■ **Dataset records**:
══════════

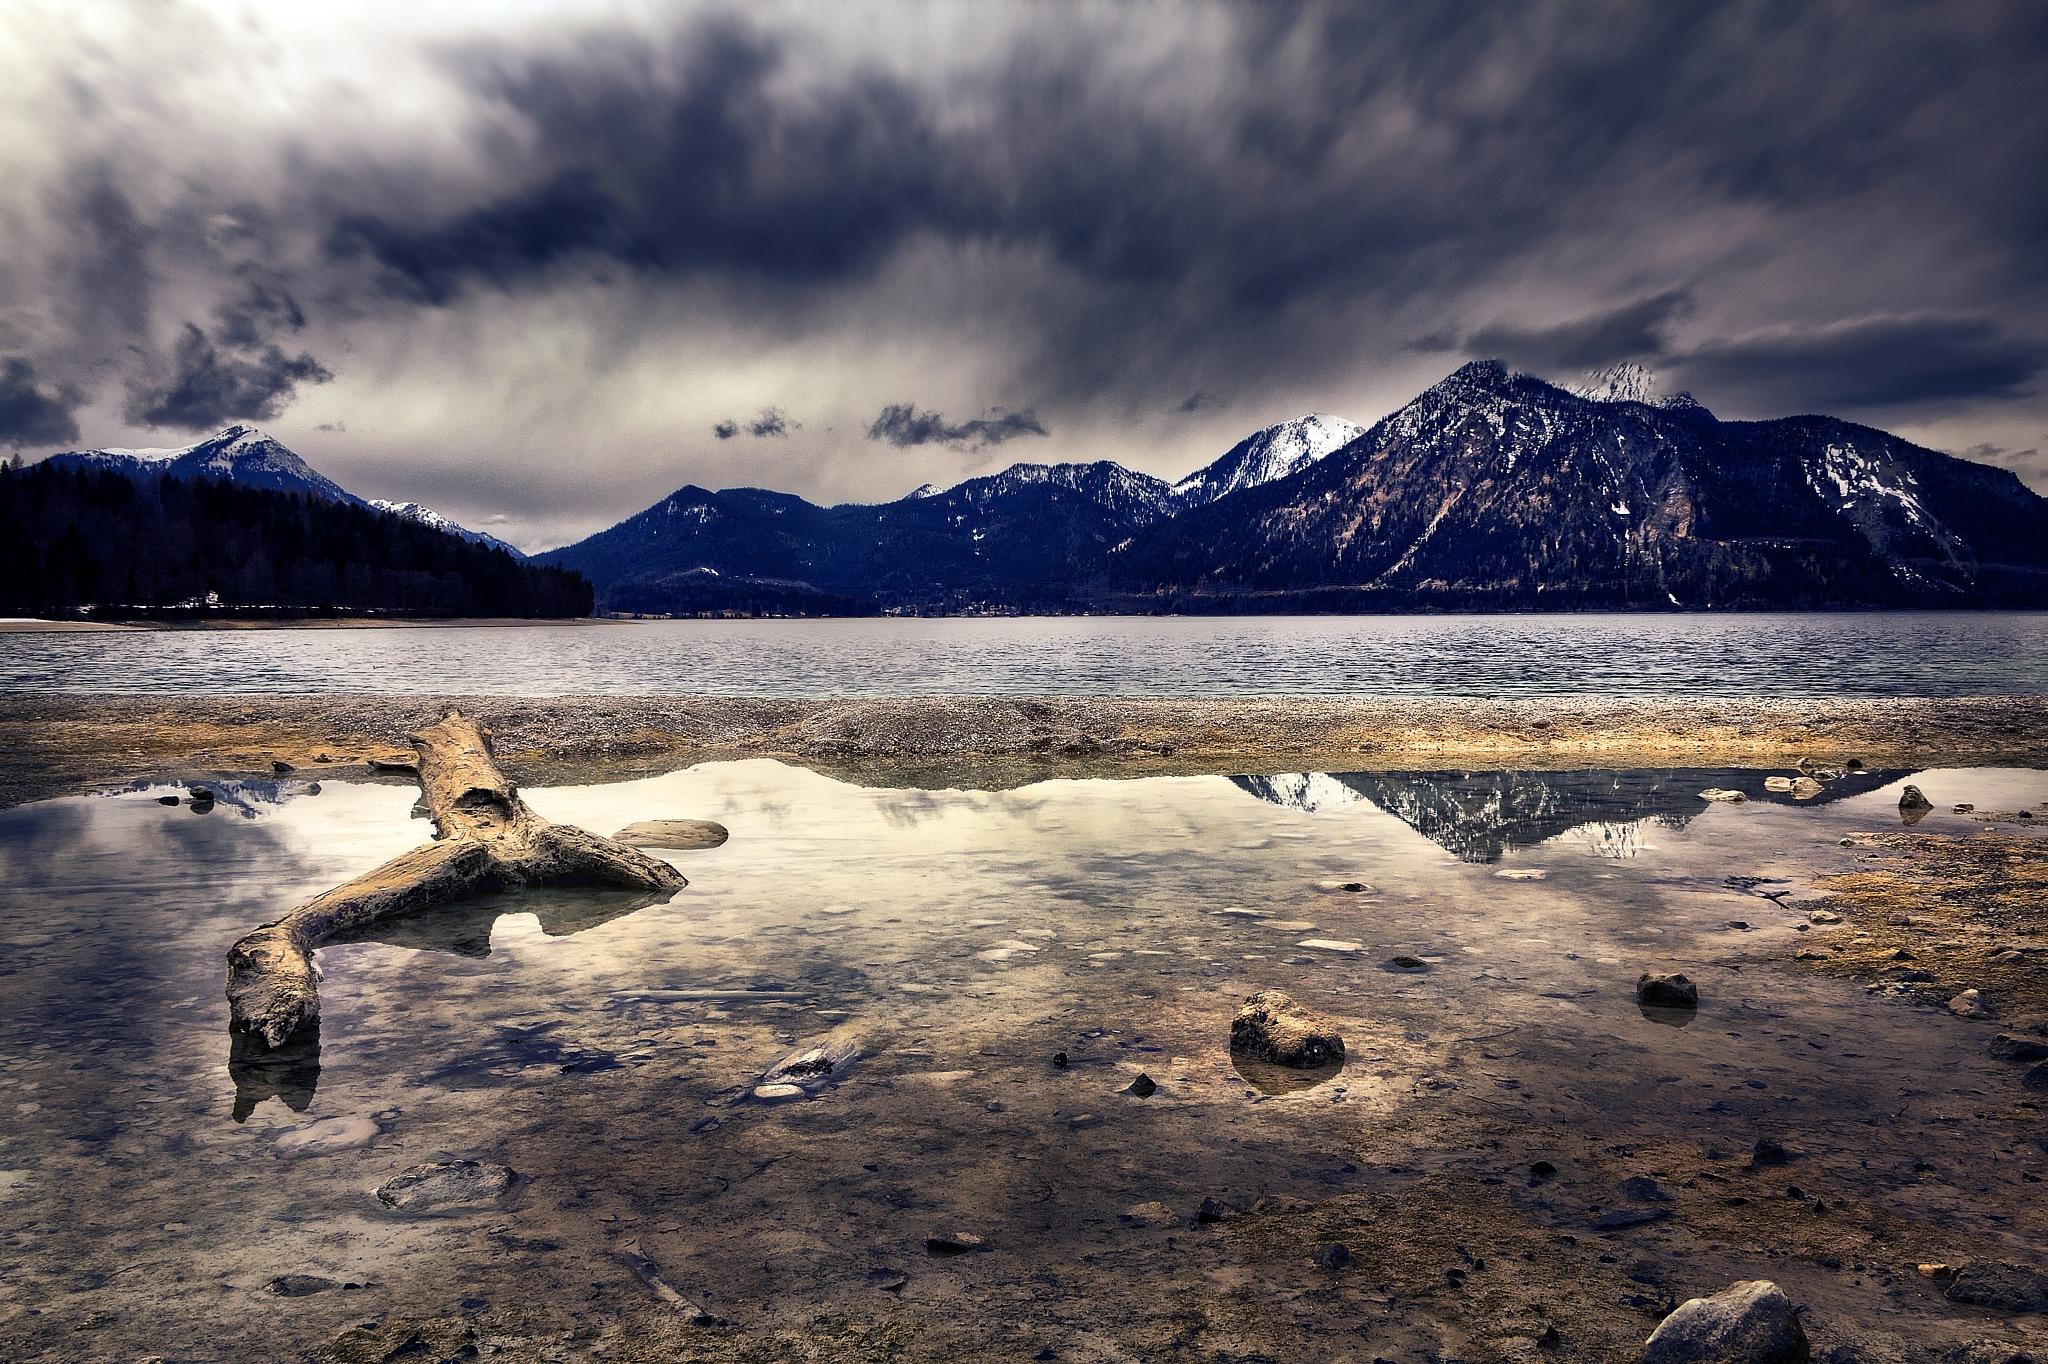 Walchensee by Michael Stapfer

══════════

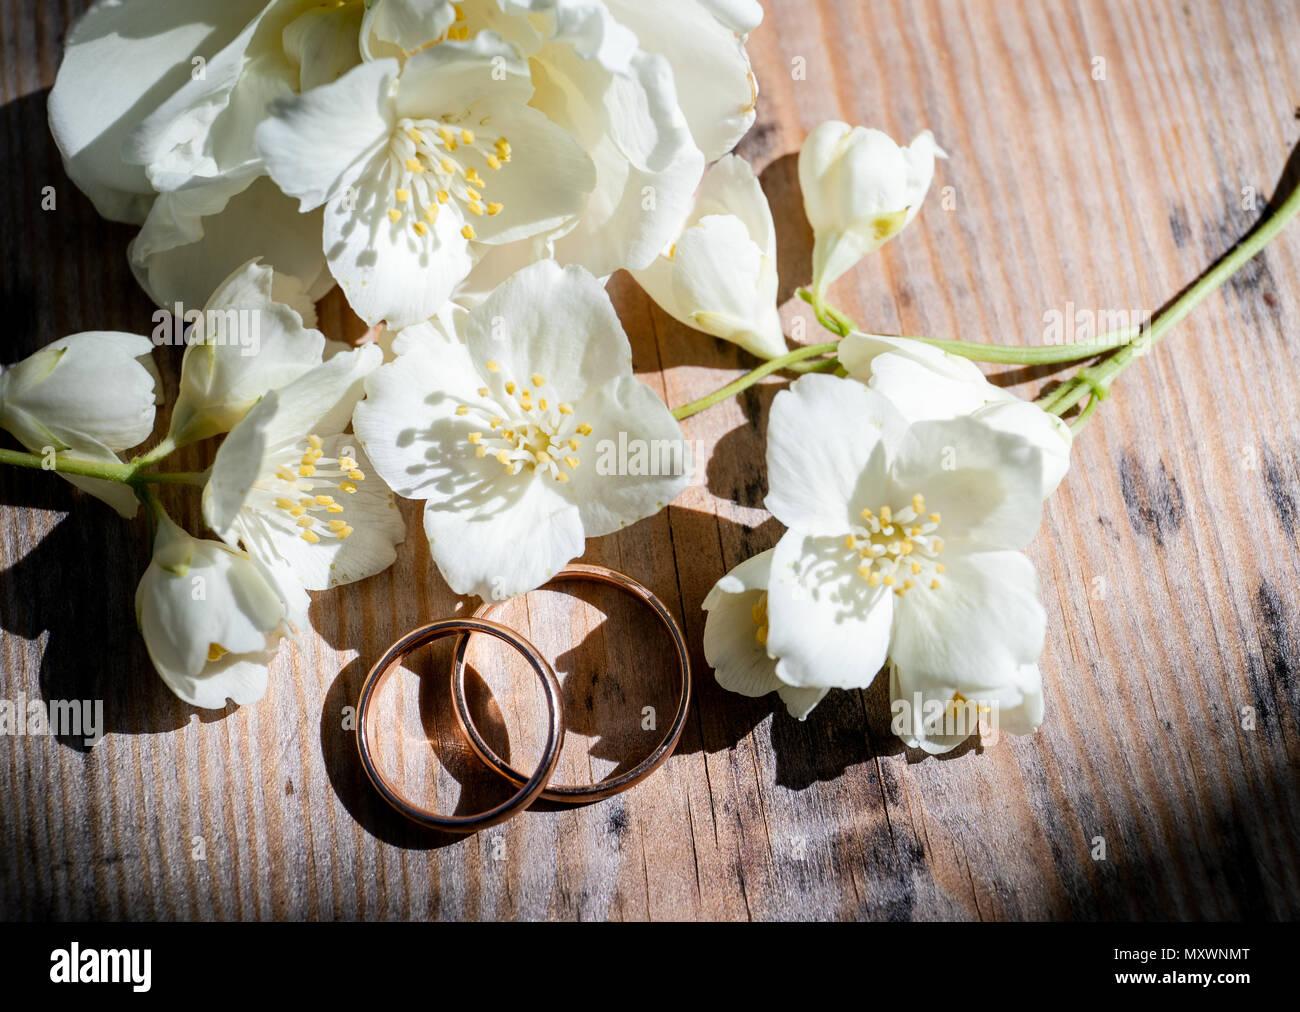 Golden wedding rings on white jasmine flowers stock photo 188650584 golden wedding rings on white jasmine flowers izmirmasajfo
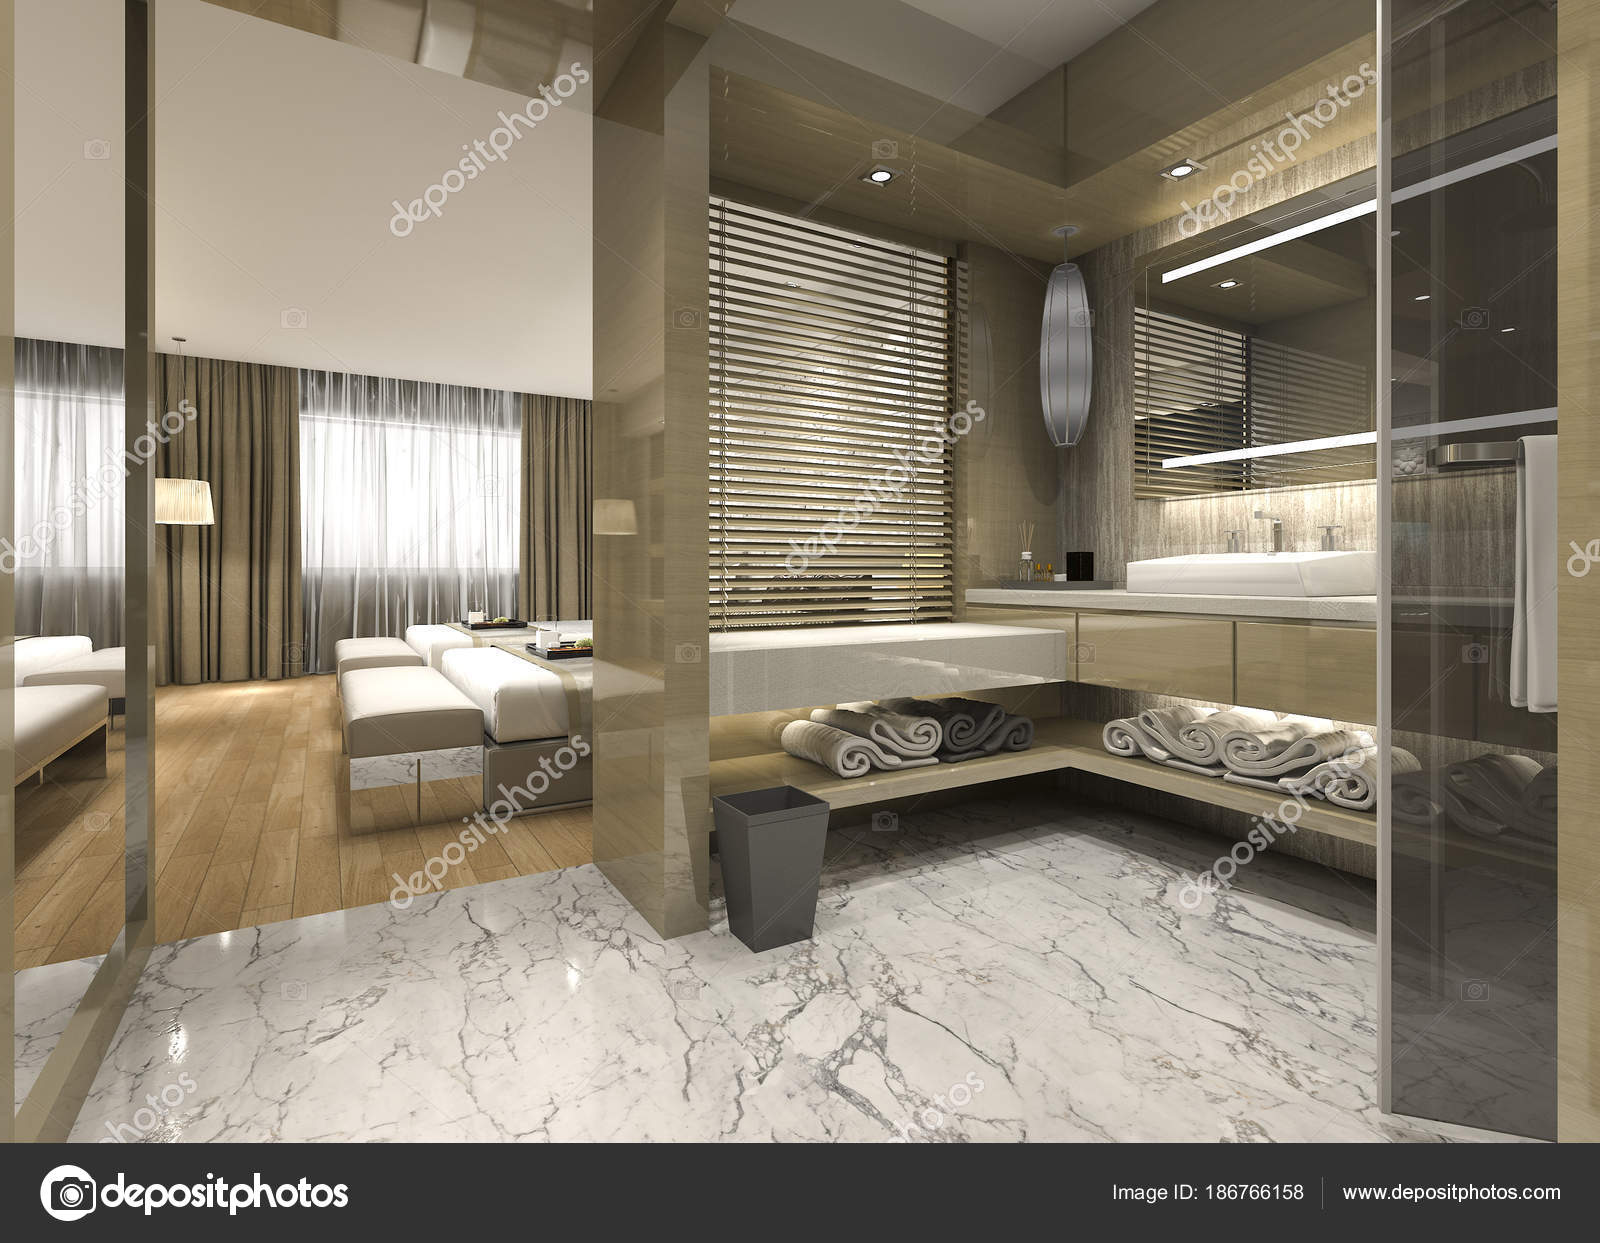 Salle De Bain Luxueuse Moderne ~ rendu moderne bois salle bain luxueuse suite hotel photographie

══════════

Above are some entries. Restate word for word the lines from the one holding "Golden wedding rings on white jasmine flowers stock" through the one holding "Salle De Bain", but not the pictures.

 Golden wedding rings on white jasmine flowers stock photo 188650584 golden wedding rings on white jasmine flowers izmirmasajfo
 Salle De Bain Luxueuse Moderne ~ rendu moderne bois salle bain luxueuse suite hotel photographie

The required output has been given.